The February fix is straightforward in description and careful in execution. Before removing a network or firewall, CFKE now checks whether anything outside its own bookkeeping is attached. If your VMs are using the network, the network stays. We’ll log the situation and skip the cleanup rather than do anything destructive.
This is exactly the kind of guardrail you want from a control plane that touches your real infrastructure.

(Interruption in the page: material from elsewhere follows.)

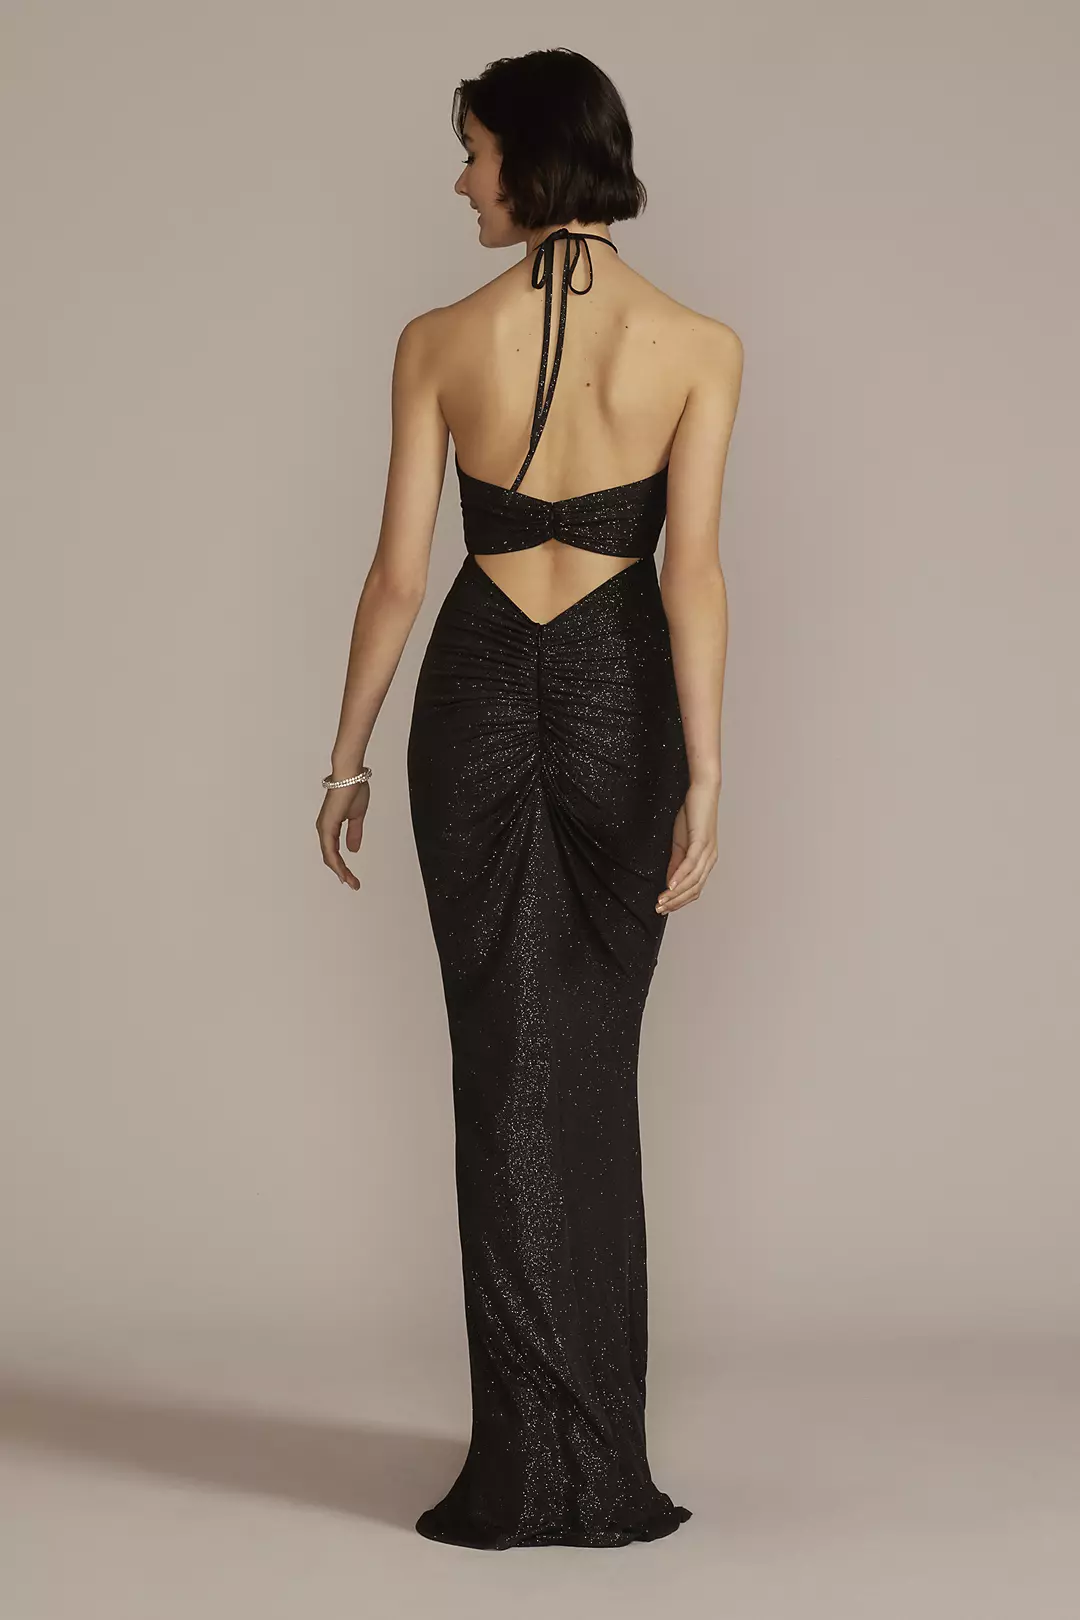 Cutout Glitter Halter Dress with Ruched Skirt Image 2

Smarter rate limiting across every cloud API we touch
Rate limits are one of the more interesting distributed systems problems we deal with, and they get harder the moment you stop treating the control plane as a single thing.
Cloudfleet’s control plane is made up of multiple components that each have legitimate reasons to talk to the same cloud provider API. The node auto-provisioner is asking the cloud about instance availability and creating servers. The cloud controller manager is reconciling load balancers and routes. The garbage collector is sweeping up orphaned resources. The CSI plumbing is provisioning and attaching volumes. From the cloud provider’s side, all of those calls land on the same API key against the same rate-limit budget. From our side, none of those components are individually aware of how much budget the others are spending.
The naive approach is to let each component manage its own backoff and hope for the best. In practice that means any one component, under load, can quietly exhaust the shared budget and starve every other component. The first sign anything is wrong is usually that an unrelated cluster operation, load balancer reconciliation, or volume attach, mysteriously slows down or fails.
We rolled out a smarter rate limiting layer that sits in front of every cloud provider API call, regardless of which control plane component is making it. It tracks how close we are to the published API limits in aggregate across all callers, paces requests so we stay comfortably under them, and applies circuit breaking when error rates spike so a misbehaving call path can’t drag the rest of the cluster’s operations down with it.
The first version landed for Hetzner Cloud in February, and we’re extending the same layer to every other cloud provider Cloudfleet integrates with, AWS, GCP, OVH, Scaleway, Exoscale, Upcloud, the lot. “Treat every vendor API as a shared, partially cooperative dependency, and coordinate consumption across our own components” is now the default posture across the platform.
What the rest of the industry was doing
While we were patching the platform, the Cloud Native Computing Foundation published their State of Cloud Native 2026 report. A few signals from it match what we hear from Cloudfleet customers every week:
- The CNCF ecosystem now spans more than 230 projects and 300,000 contributors. The center of gravity has shifted well beyond container orchestration into observability, platform engineering, FinOps, and AI tooling.
- Cost pressure on AI workloads is pushing teams to mix hyperscalers with regional providers. The bet on multi-cloud as a cost lever, not just a resilience lever, is paying off.
- Platform engineering keeps getting more concrete. The conversation is moving away from “should we have a platform team” and toward “what does the developer-facing surface area look like in practice.”
All three of those resonate with us. CFKE is built on the bet that running Kubernetes well across many clouds is a hard problem worth solving once, so individual teams don’t keep reinventing it. The industry data suggests we’re not alone in that belief.
Looking ahead
March brings KubeCon + CloudNativeCon Europe in Amsterdam. We’ll be watching the announcements closely and you can expect more behind-the-scenes platform work to land while we do. See you next month.